» **Problem to work on**
The answer is all of the data repeated exactly, with each picture omitted.

» **Raw data**

╭──

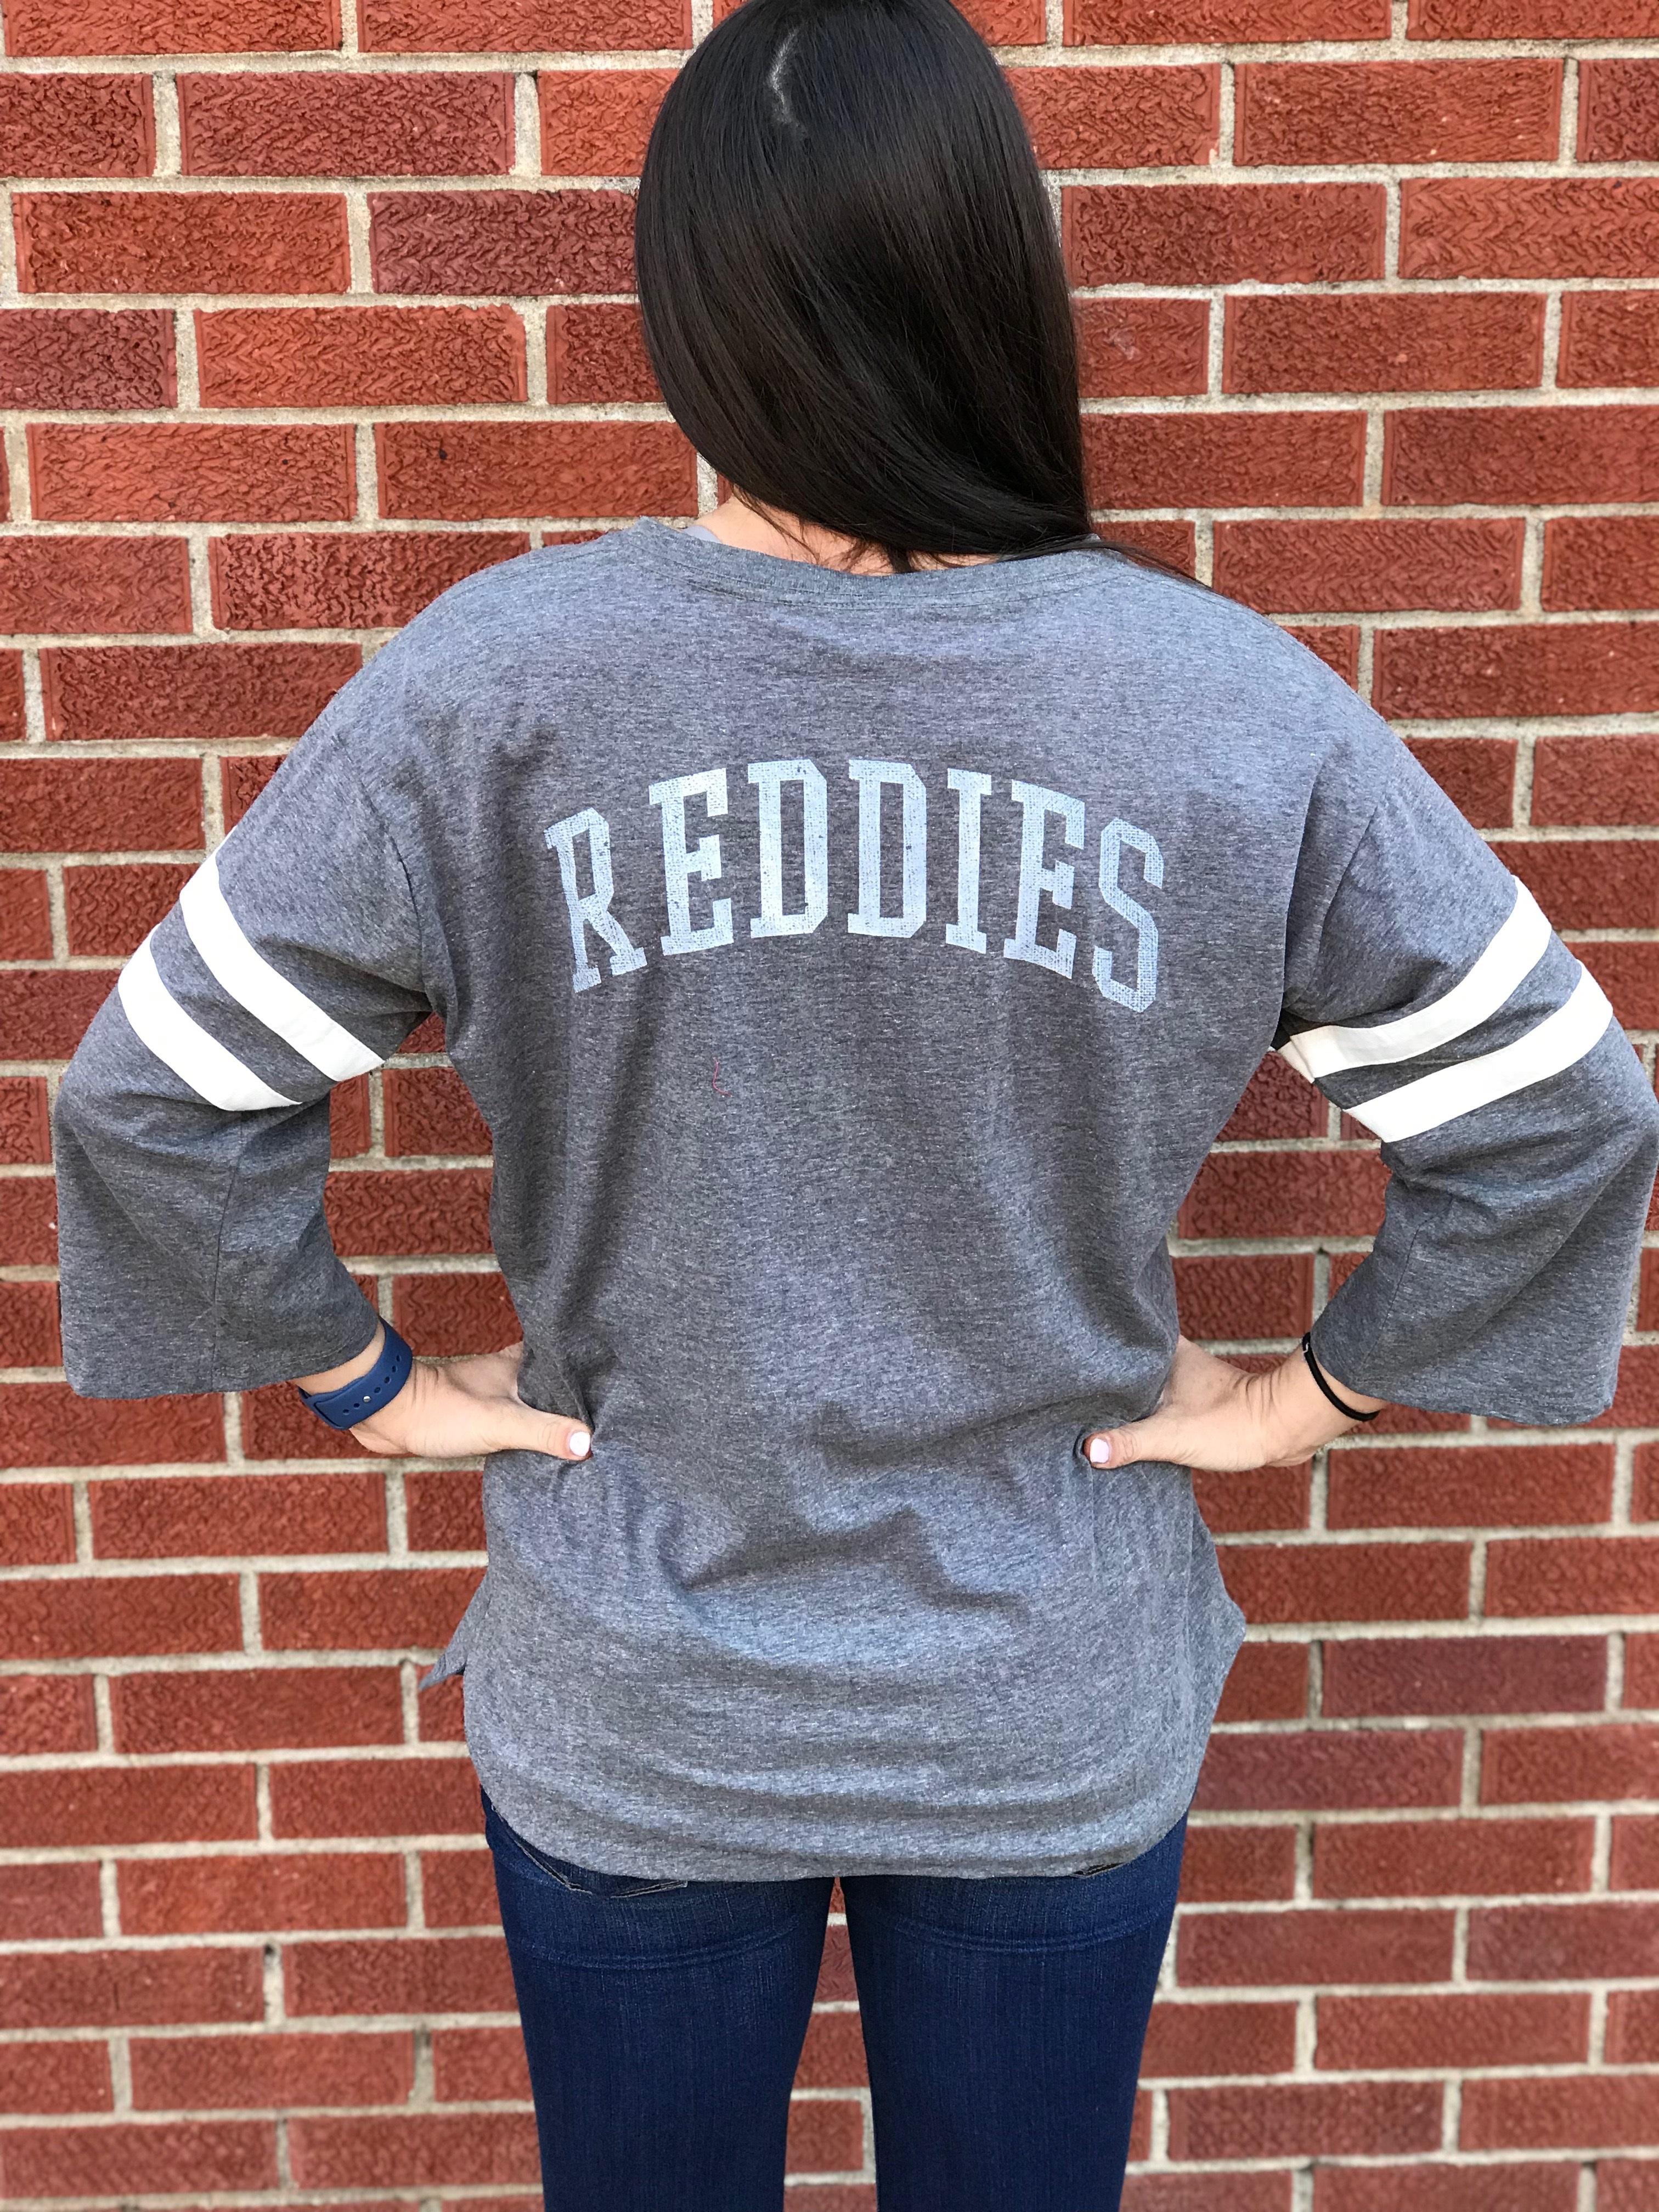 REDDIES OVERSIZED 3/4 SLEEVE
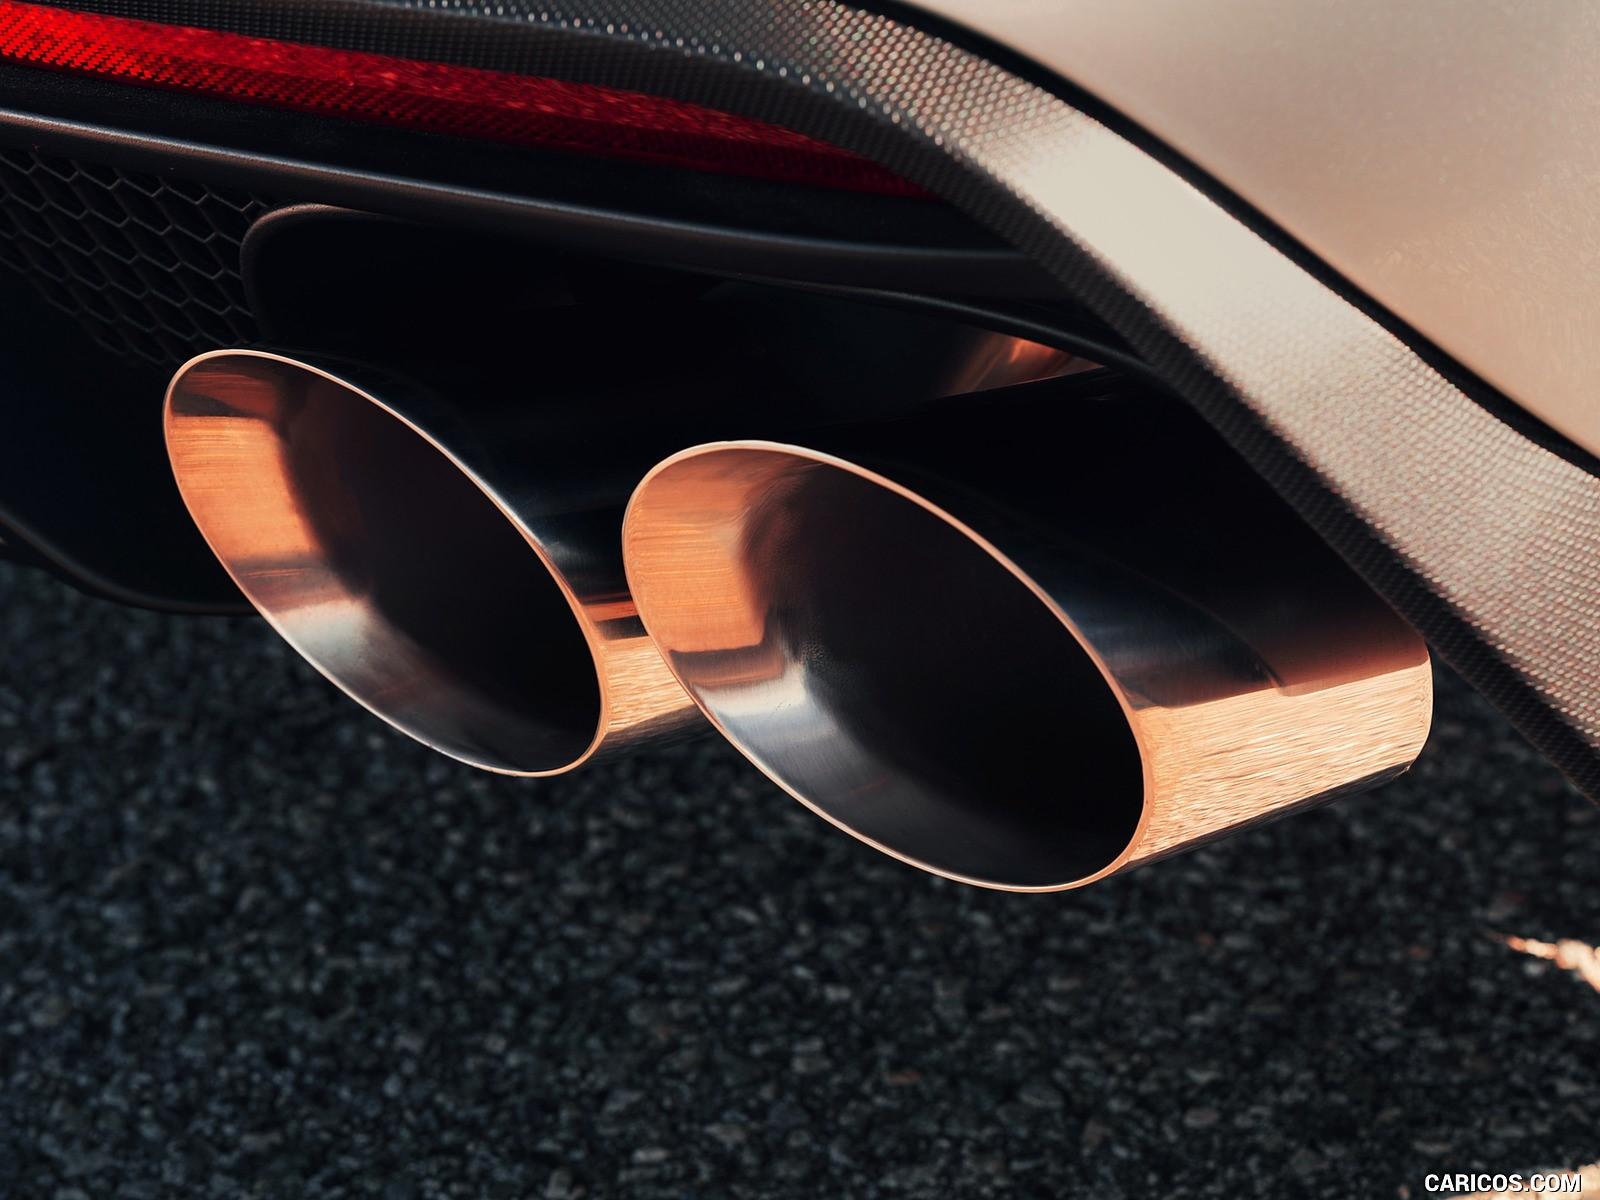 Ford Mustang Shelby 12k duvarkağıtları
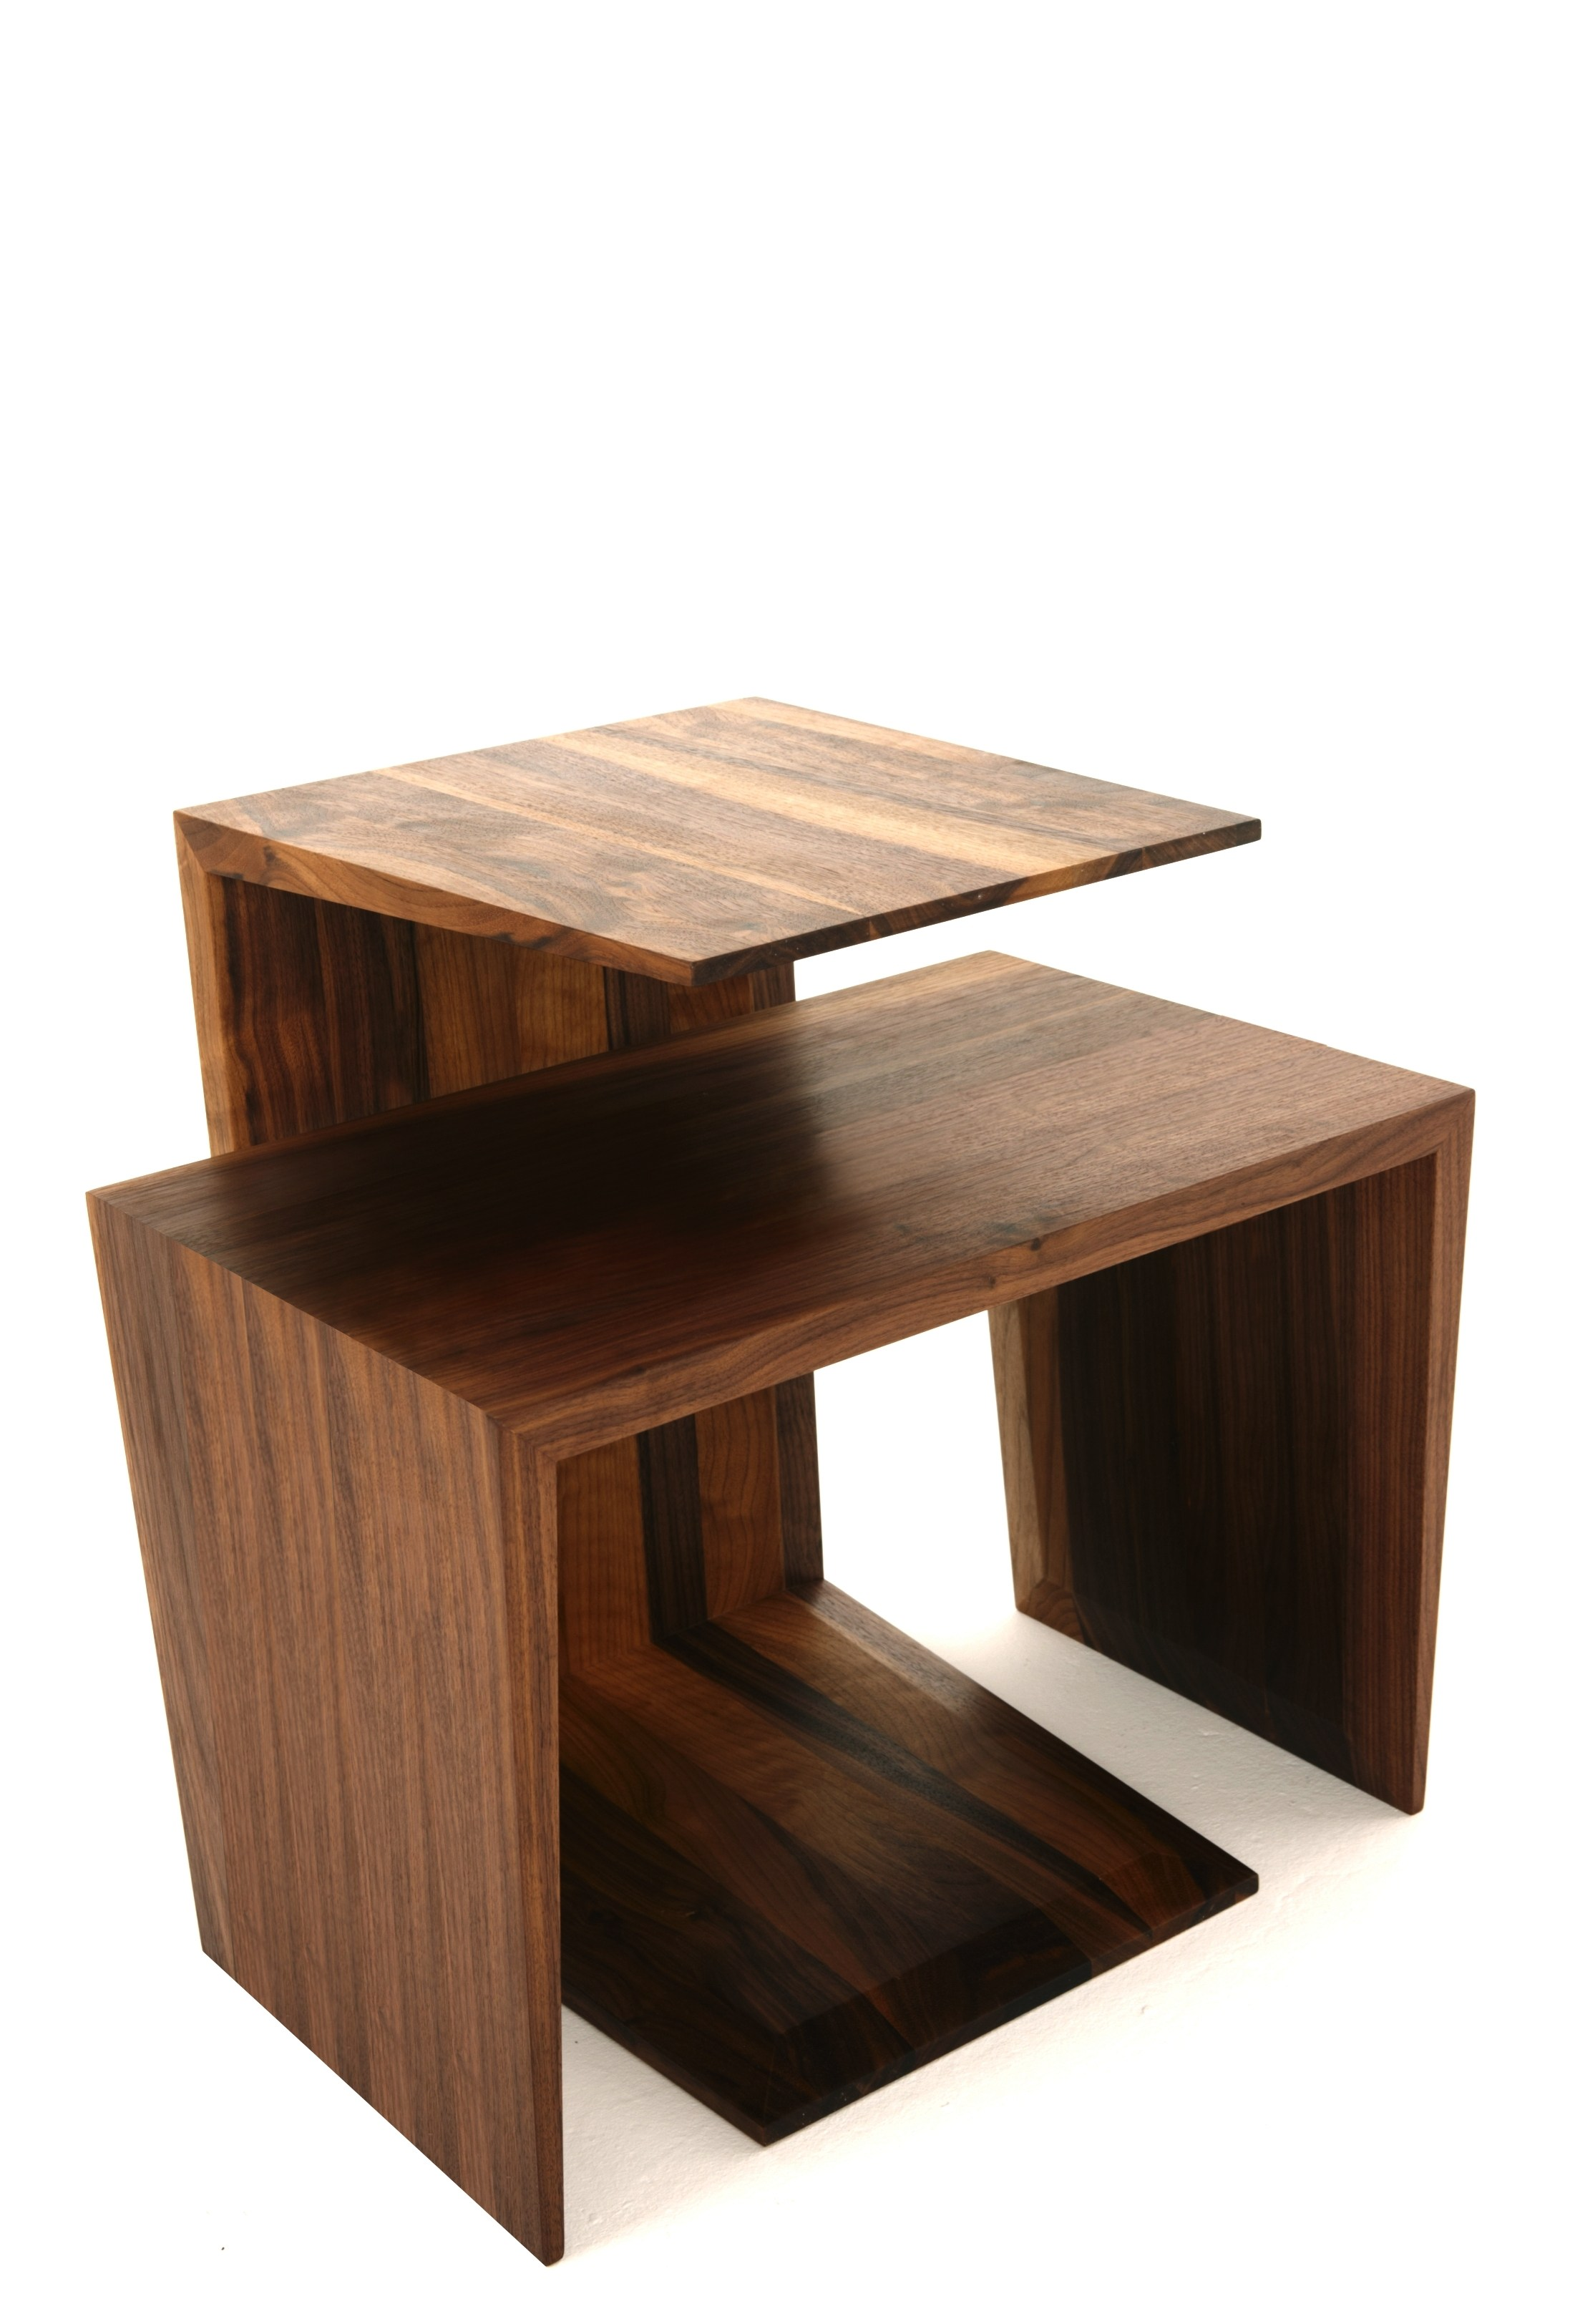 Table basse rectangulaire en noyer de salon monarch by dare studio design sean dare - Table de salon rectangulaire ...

╰──

» **Exercise solution**
 REDDIES OVERSIZED 3/4 SLEEVE
 Ford Mustang Shelby 12k duvarkağıtları
 Table basse rectangulaire en noyer de salon monarch by dare studio design sean dare - Table de salon rectangulaire ...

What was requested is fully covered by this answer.